_WHAT THE TASK REQUIRES:_ In the records below, find the lines that include "zijn" and copy each.

*** DATA TO EXAMINE ***

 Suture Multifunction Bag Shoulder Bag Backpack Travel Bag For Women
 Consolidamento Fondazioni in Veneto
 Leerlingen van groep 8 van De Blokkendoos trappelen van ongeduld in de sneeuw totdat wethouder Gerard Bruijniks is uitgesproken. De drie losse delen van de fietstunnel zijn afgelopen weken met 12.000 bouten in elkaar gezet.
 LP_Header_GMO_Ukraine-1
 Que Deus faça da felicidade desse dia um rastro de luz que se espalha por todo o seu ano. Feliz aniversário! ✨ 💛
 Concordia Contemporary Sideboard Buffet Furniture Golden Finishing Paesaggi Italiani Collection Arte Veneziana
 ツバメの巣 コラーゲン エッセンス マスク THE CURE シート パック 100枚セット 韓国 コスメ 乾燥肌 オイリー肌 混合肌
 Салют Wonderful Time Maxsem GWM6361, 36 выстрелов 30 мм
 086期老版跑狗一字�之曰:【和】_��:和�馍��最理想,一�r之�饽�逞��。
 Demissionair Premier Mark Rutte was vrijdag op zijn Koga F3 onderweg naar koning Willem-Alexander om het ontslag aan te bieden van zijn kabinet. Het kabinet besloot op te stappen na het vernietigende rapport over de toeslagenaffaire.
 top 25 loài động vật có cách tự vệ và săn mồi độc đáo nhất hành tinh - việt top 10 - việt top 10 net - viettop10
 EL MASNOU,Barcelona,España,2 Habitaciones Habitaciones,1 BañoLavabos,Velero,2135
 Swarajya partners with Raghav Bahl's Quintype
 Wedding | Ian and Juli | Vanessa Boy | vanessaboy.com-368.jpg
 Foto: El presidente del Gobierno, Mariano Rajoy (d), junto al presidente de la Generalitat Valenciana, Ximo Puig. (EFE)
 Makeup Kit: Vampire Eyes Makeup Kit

*** End of DATA TO EXAMINE ***

_COMPLETED EXERCISE:_
 Leerlingen van groep 8 van De Blokkendoos trappelen van ongeduld in de sneeuw totdat wethouder Gerard Bruijniks is uitgesproken. De drie losse delen van de fietstunnel zijn afgelopen weken met 12.000 bouten in elkaar gezet.
 Demissionair Premier Mark Rutte was vrijdag op zijn Koga F3 onderweg naar koning Willem-Alexander om het ontslag aan te bieden van zijn kabinet. Het kabinet besloot op te stappen na het vernietigende rapport over de toeslagenaffaire.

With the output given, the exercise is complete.